- How to complete this task
Pictures aside, repeat the whole listing word for word.

- Data extract
__________________________________________________
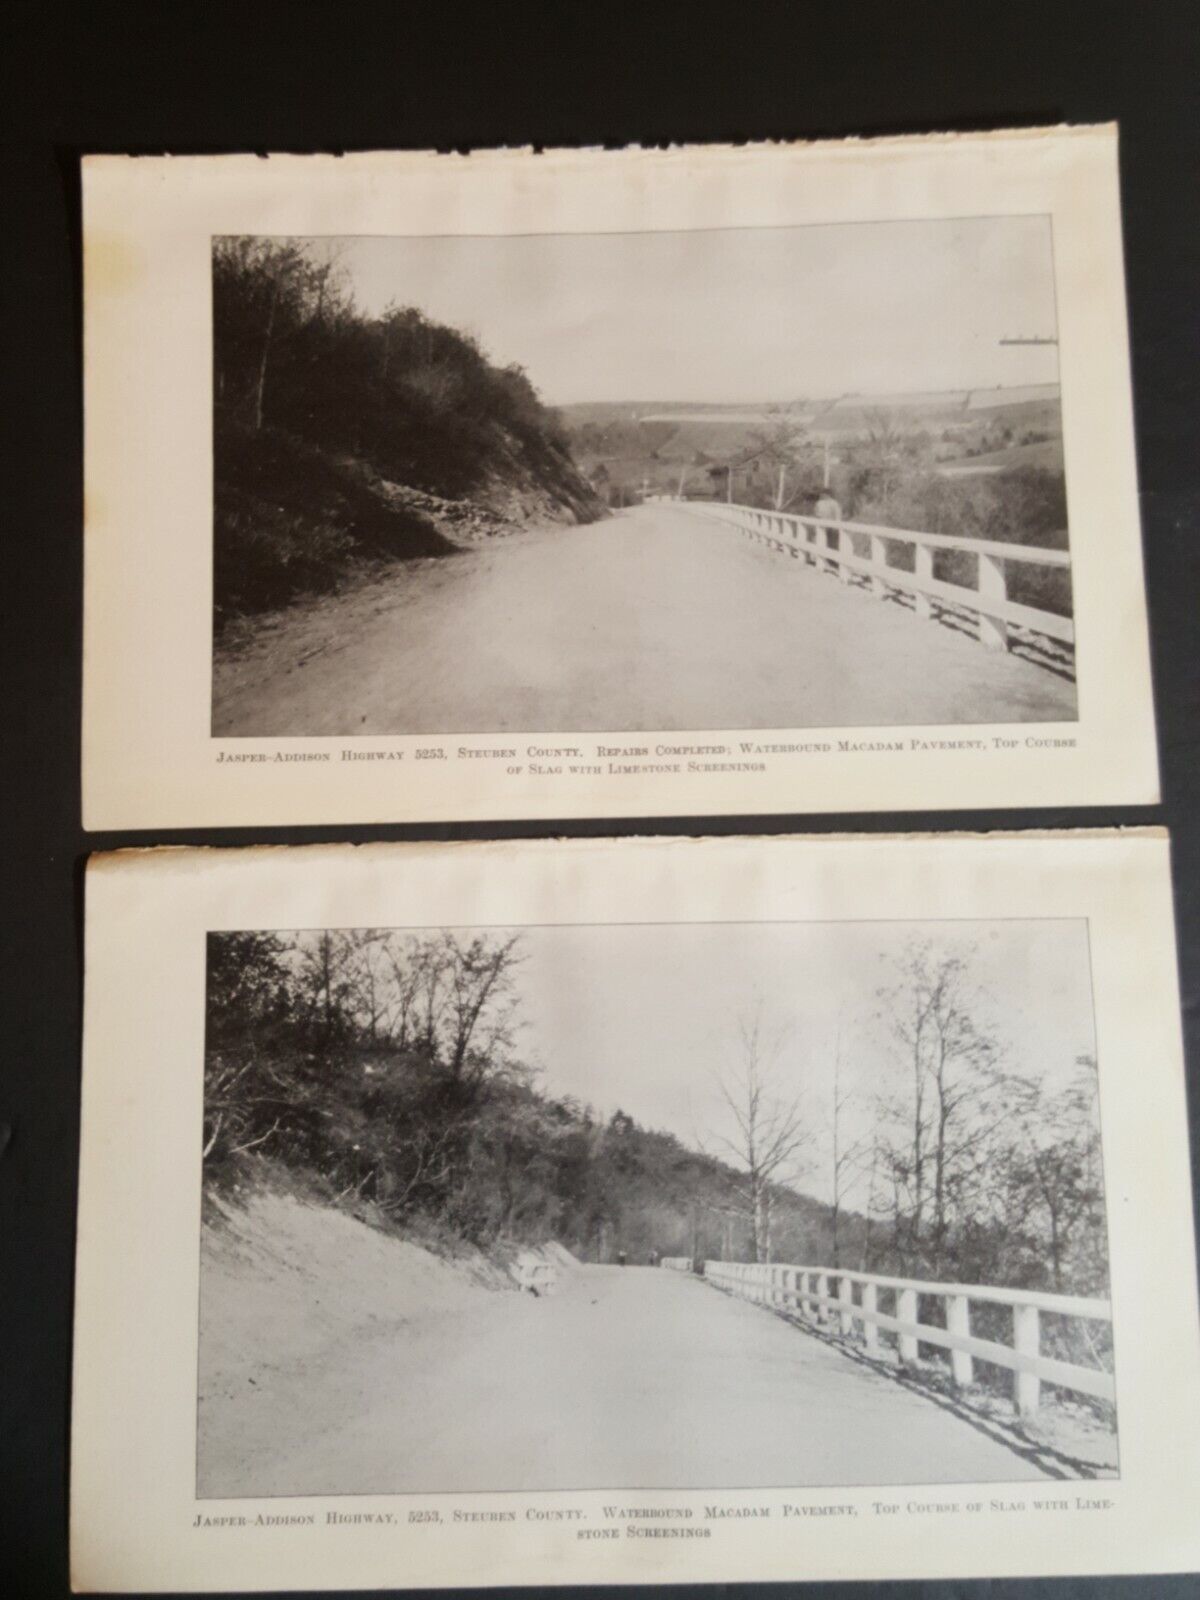 1915 lot of 2 photo plates of JASPER ADDISON HIGHWAY  Steuben County new york
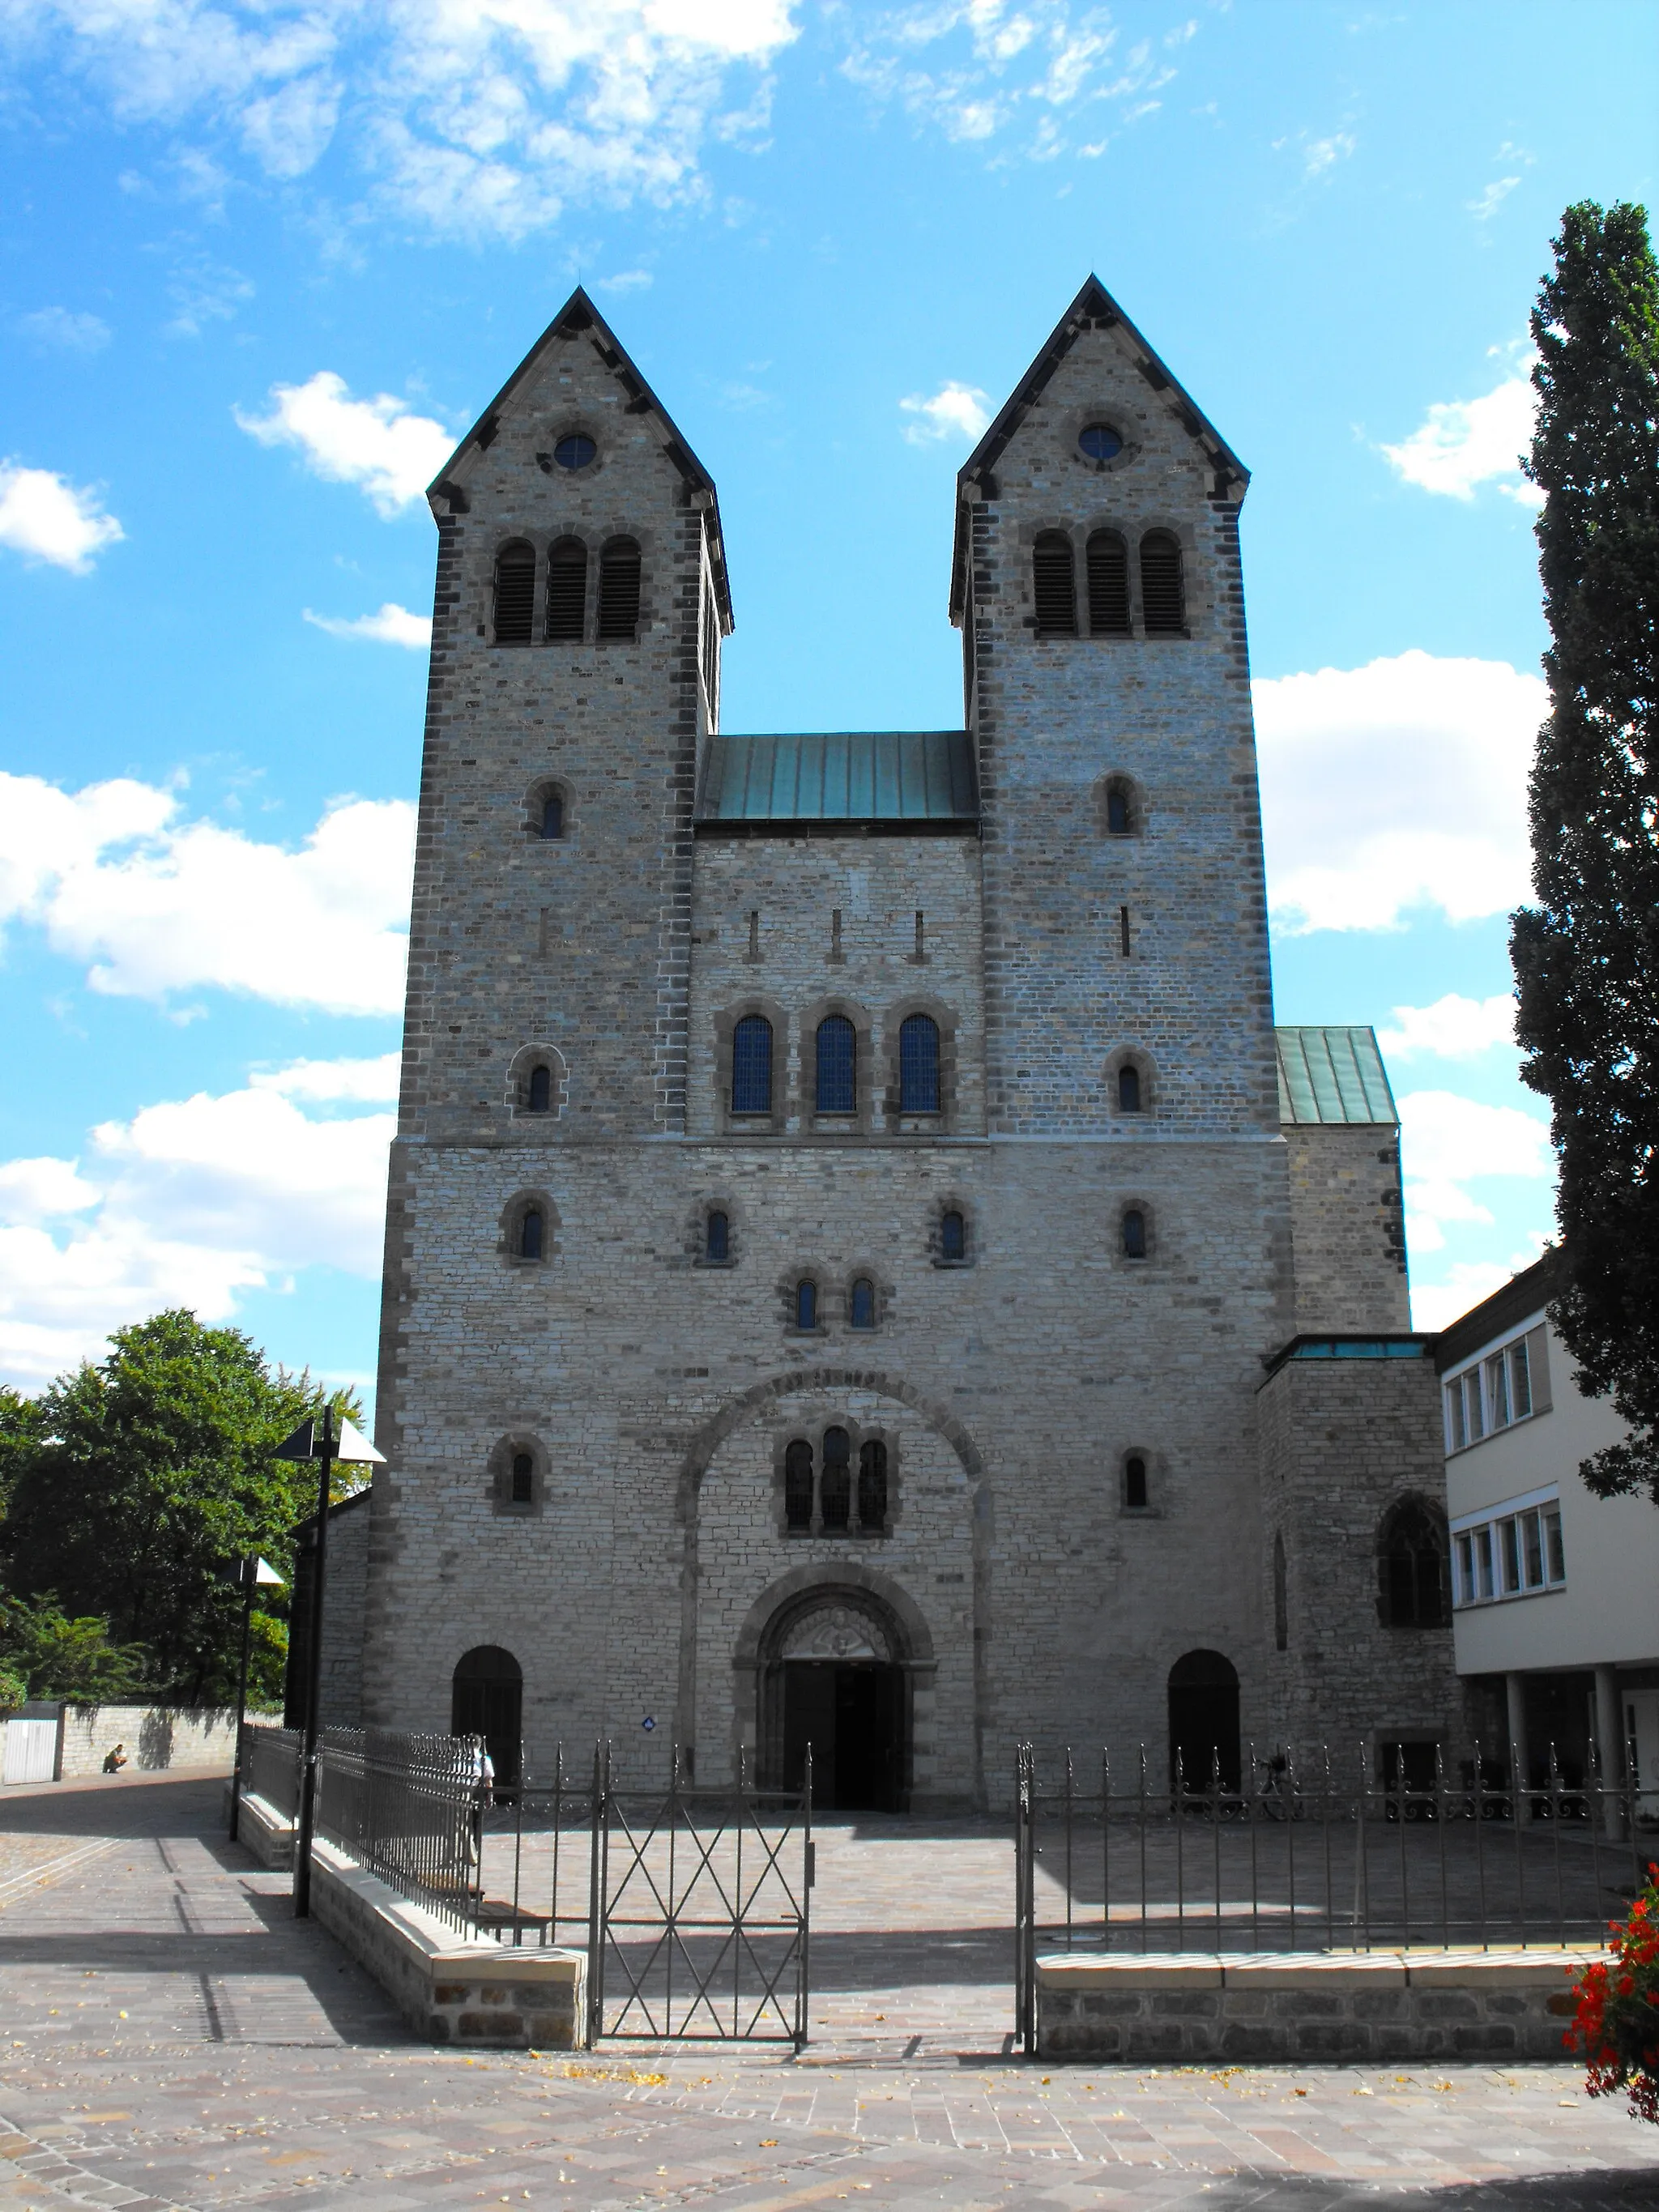 Photo showing: Abdinghofkirche, Paderborn, Germany
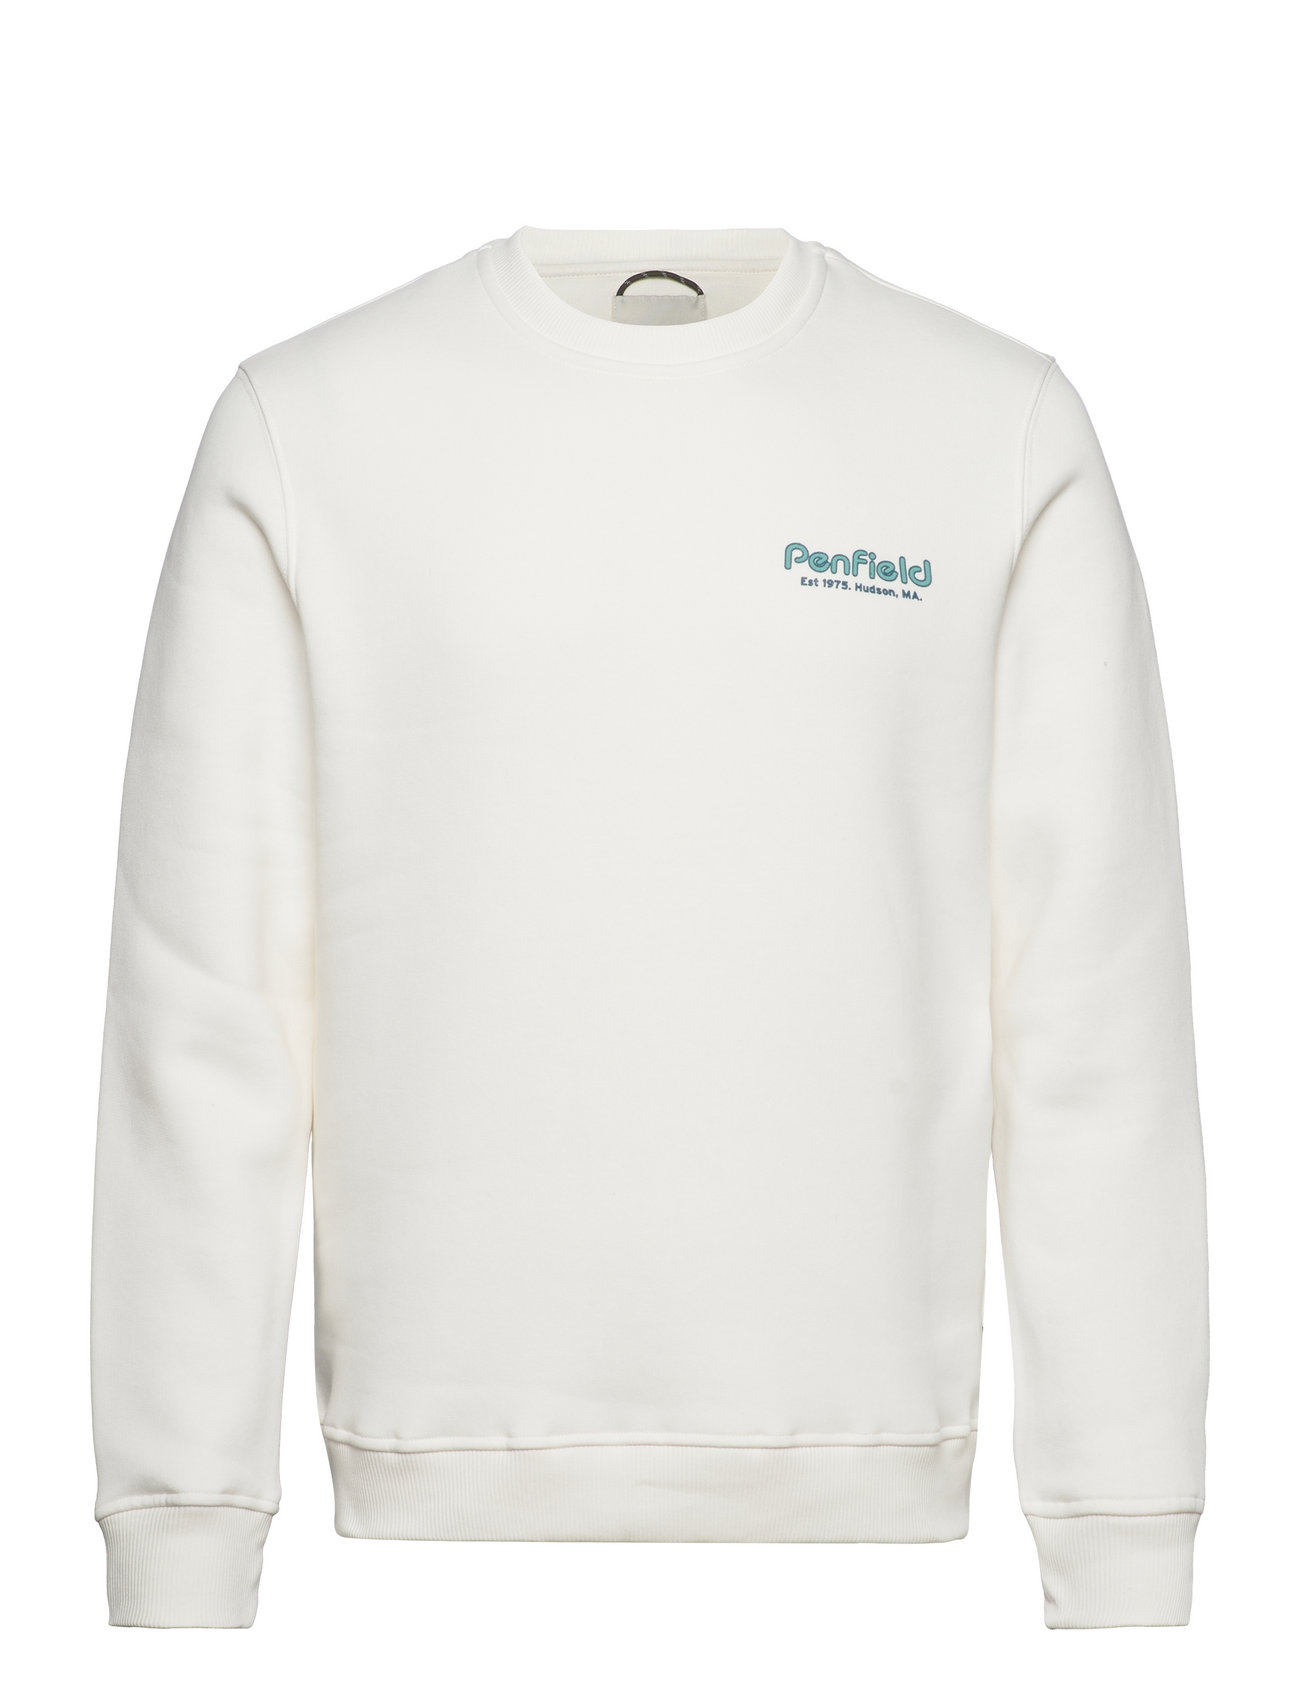 Penfield Sunset Mountain Back Graphic Crew Neck Sweat Tops Sweatshirts & Hoodies Sweatshirts White Penfield
__________________________________________________
- Reply to the exercise
 1915 lot of 2 photo plates of JASPER ADDISON HIGHWAY  Steuben County new york
 Photo showing: Abdinghofkirche, Paderborn, Germany
 Penfield Sunset Mountain Back Graphic Crew Neck Sweat Tops Sweatshirts & Hoodies Sweatshirts White Penfield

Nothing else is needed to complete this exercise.